Breeding of dry storage onion for the last 60 years largely focused on production of inbred lines for creation of hybrid varieties after Jones and Clarke (1943) and Jones and Davis (1944) outlined how the cytoplasmic male sterility system could be used for large-scale production of hybrid seed. Hybrids were rapidly adopted by growers as a result of their significant increase in marketable yield as well as greater uniformity for horticultural traits compared with standard open-pollinated onion varieties (Dowker and Gordon, 1983; Evoor et al., 2007; Hosfield et al., 1977; Joshi and Tandon, 1976).

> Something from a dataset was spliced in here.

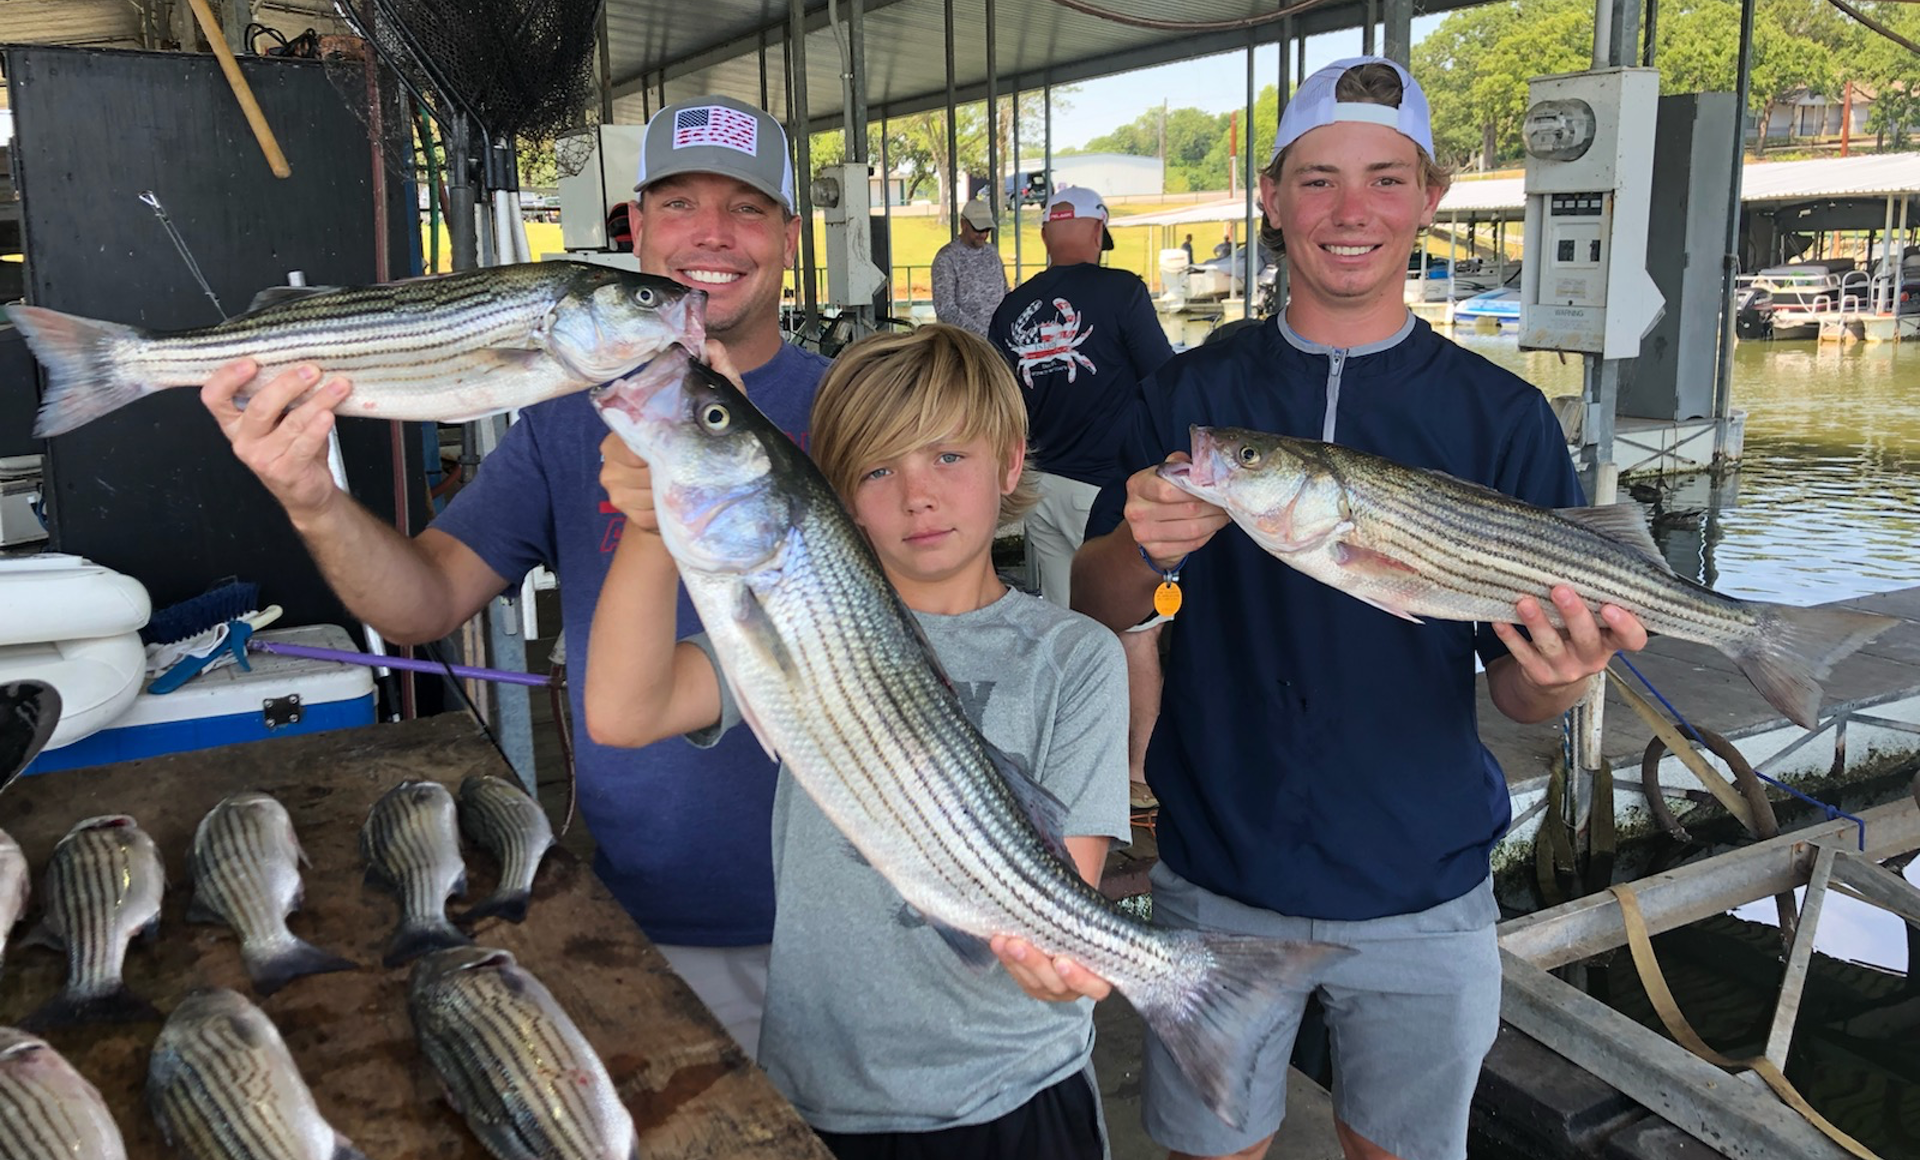 The Ultimate Fishing Adventure with Lake Texoma's Finest Guides!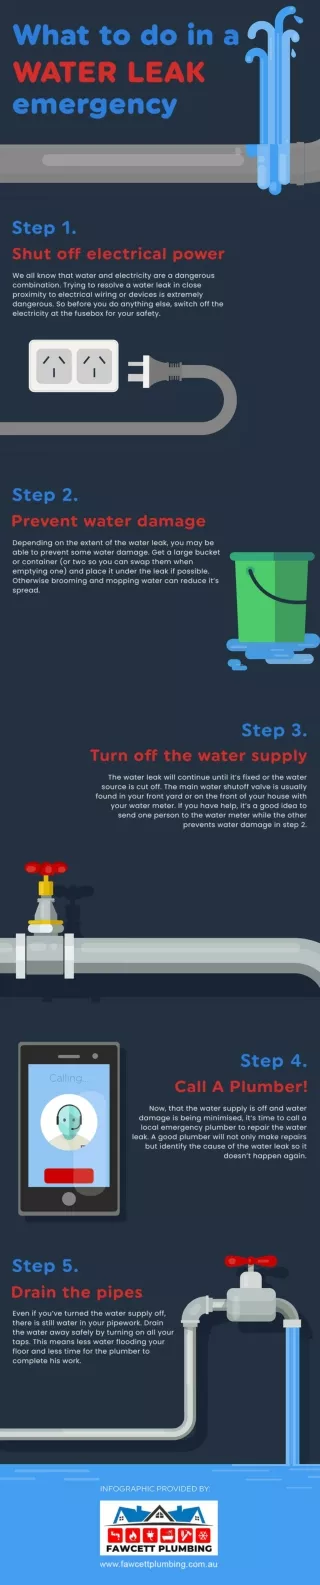 What To Do In A Water Leak Emergency?

Creation of superior onion hybrids depends on the development of high-quality, fecund inbred lines to use as parents. These lines must be sufficiently inbred, because commercially acceptable hybrids must be uniform for critical horticultural traits such as bulb size, bulb shape, and days to maturity. This uniformity is achieved by increasing the homozygosity of the inbred parent lines through cycles of self-pollination. However, like many cross-pollinated crops, onions suffer from severe inbreeding depression when self-pollinated for several generations (Bohanec, 2002). Inbreeding depression reduces plant vigor, bulb size, and therefore seed production. As a result, the negative impact of inbreeding depression reduces the number of cycles of inbreeding possible while maintaining lines that are sufficiently vigorous to produce hybrid seed on the scale required for commercial onion seed sales (Bohanec, 2002). Therefore, the inability to repetitively self-pollinate a line greatly reduces a breeder’s ability to create uniform highly inbred lines (Alan et al., 2004; Bohanec, 2002). Any increase in heterozygosity and heterogeneity of the inbred parent lines leads to an increase of non-uniformity of the hybrids (Alan et al., 2004) and can also impede hybrids from reaching their maximal heterotic potential (Bohanec, 2002). The biennial nature of onion and requirement for bulb vernalization before flowering push the seed-to-seed generation time of onion to two years. Therefore, typical selection practices to develop inbred lines using the single-seed descent method takes 10 to 12 years (Bohanec, 2002).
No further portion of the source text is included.